Другая возможная причина — в непростой литературной судьбе поколения нынешних «пятидесятилетних». В семидесятые — начале восьмидесятых их полноценный дебют часто не мог состояться по идеологически-цензурным соображениям; в «перестроечные» годы — в силу «забитости» литературного процесса возвращаемым самиздатом и тамиздатом (в котором преобладали имена более старших авторов); почти все девяностые — из-за обвала всей системы литературных институтов. Кроме того, все эти годы им приходилось конкурировать с непосредственно предшествовавшими им более витальными и консолидированными «шестидесятниками». Лишь с конца девяностых, с оживлением литературной жизни, многие представители поколения нынешних «пятидесятилетних» получили, наконец, шанс выйти в «высшую лигу». Которым они и воспользовались.

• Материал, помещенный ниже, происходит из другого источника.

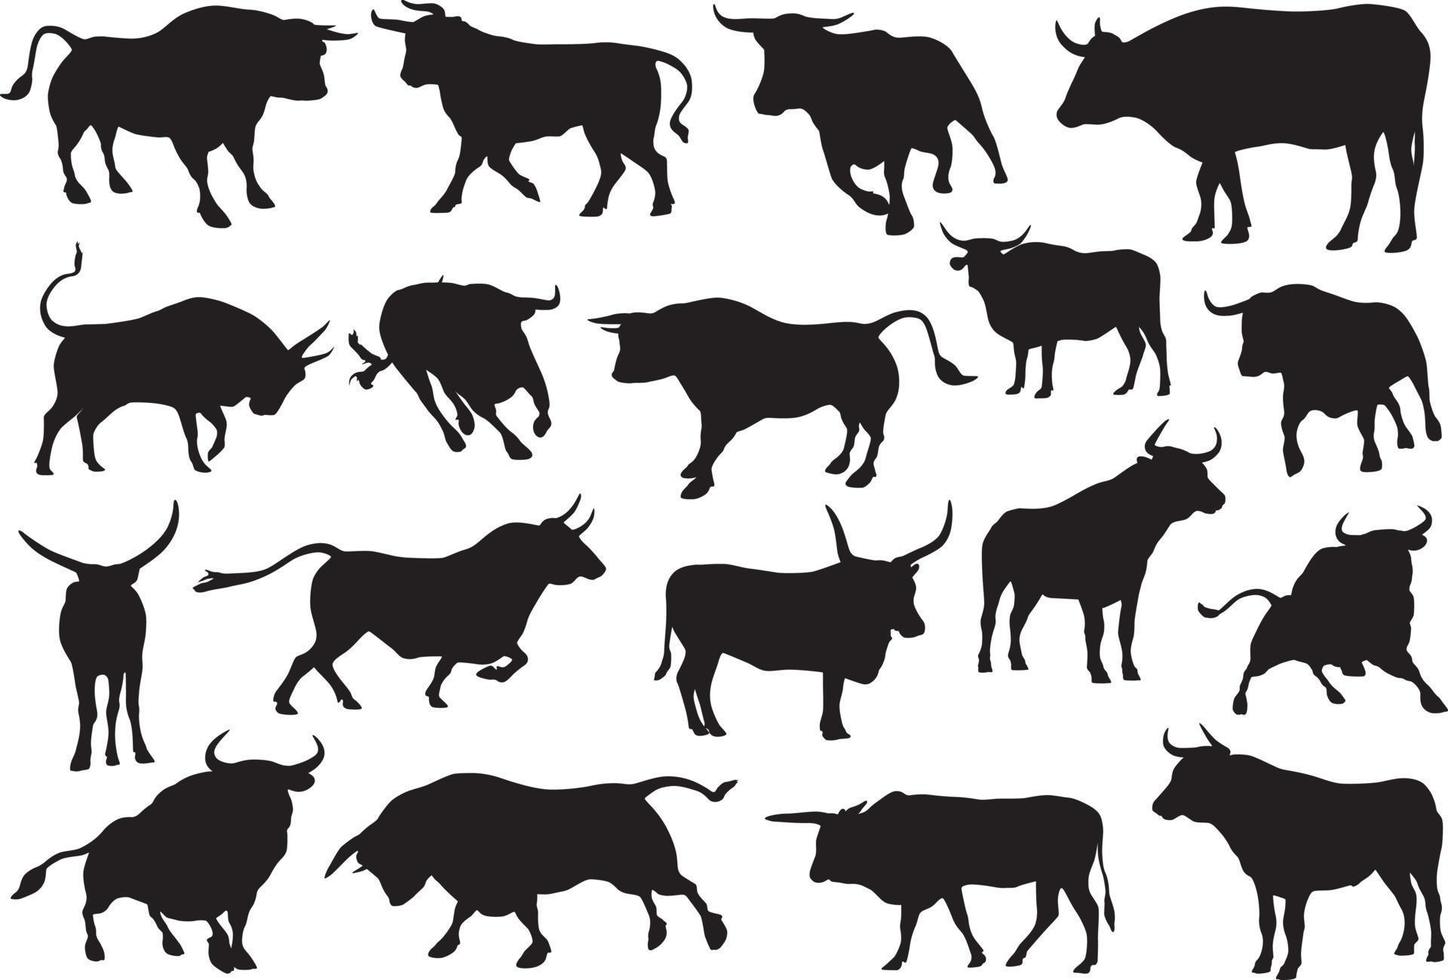 bull silhouette set vector
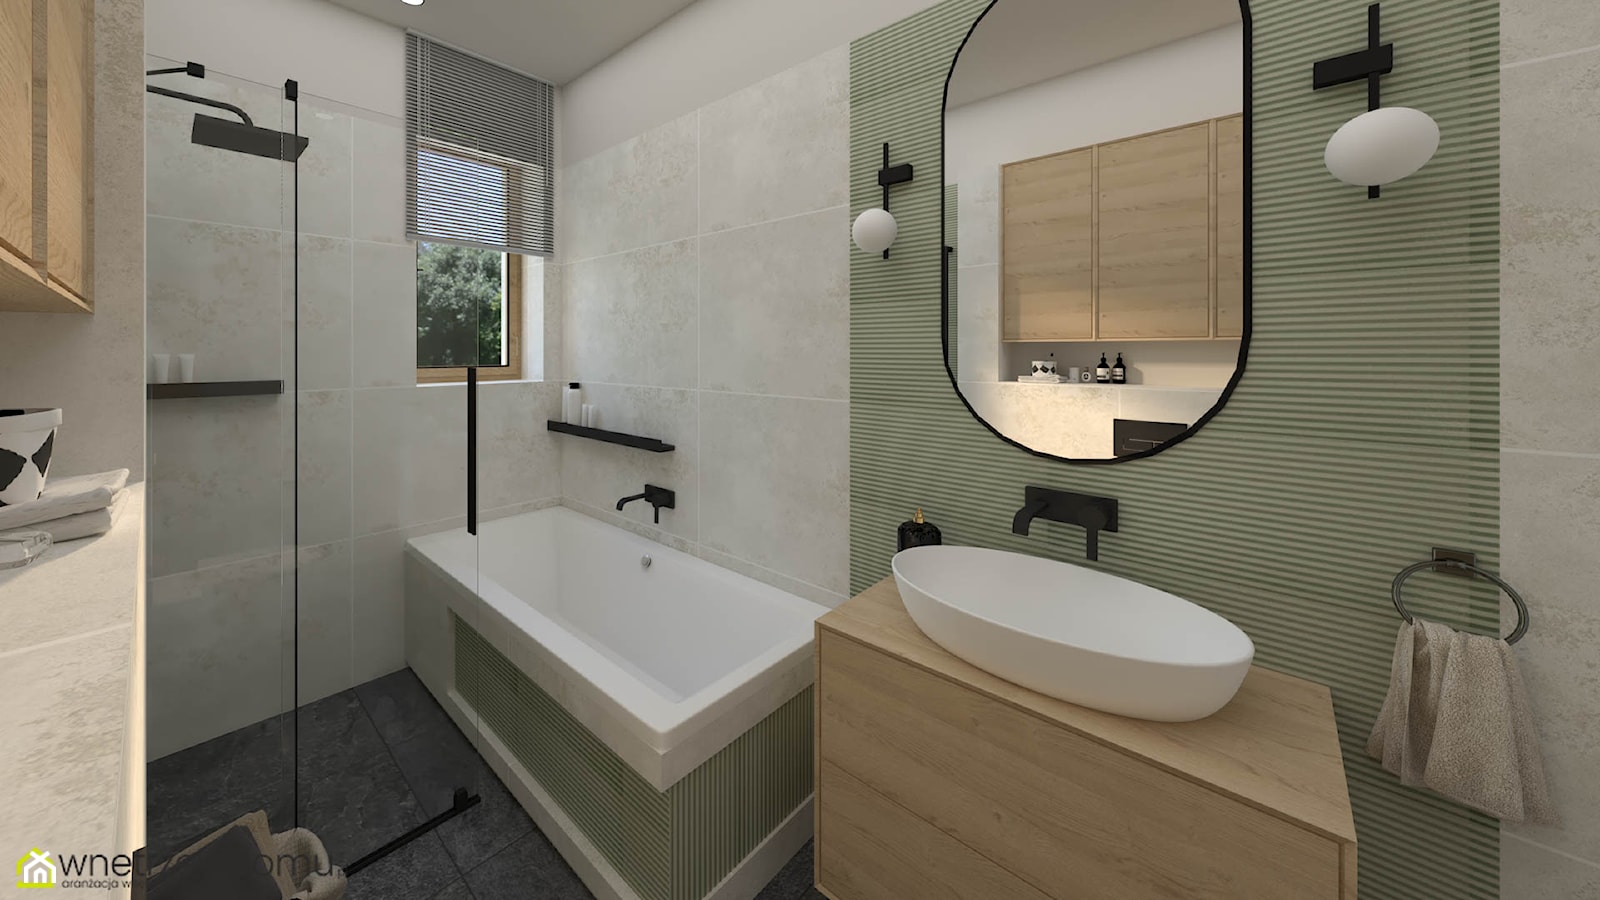 Jasna łazienka z zielonymi płytkami - zdjęcie od wnetrzewdomu - Homebook

Это не проясняет, правда, почему этим шансом не воспользовались в той же мере представители младших литературных поколений. Почему, например, несмотря на обилие поколенческих манифестов, у «тридцатилетних», не говоря о «двадцатилетних», урожай ярких имен оказался беднее.
При этом в прозе заметна как раз противоположная ситуация. Большинство успешных дебютов в прозе начала 2000-х сделали именно нынешние «тридцатилетние». Именно к этому поколению принадлежат, например, букеровские лауреаты последних лет: Гуцко, Иличевский, Павлов. Однако и за пределами «Букера» тенденция просматривается довольно отчетливо: Абузяров, Быков, Горалик, Прилепин, Рыбакова, Шульпяков относятся к тому же поколению. И многие из них начинали поэтами (некоторые продолжают писать и публиковать стихи). Хотя какая-то часть прозаиков всегда рекрутировалась из поэтов — однако в случае поколения нынешних «тридцатилетних» эта пропорция выросла в геометрической прогрессии. Происходит как бы «перелив» литераторов поколения «тридцатилетних» в прозу. Крупная проза сегодня гораздо более востребована и книжным рынком, и журналами, и премиальными институтами, да и собственно читателями. Проза дает значительно больше шансов быть опубликованным, услышанным, прочитанным.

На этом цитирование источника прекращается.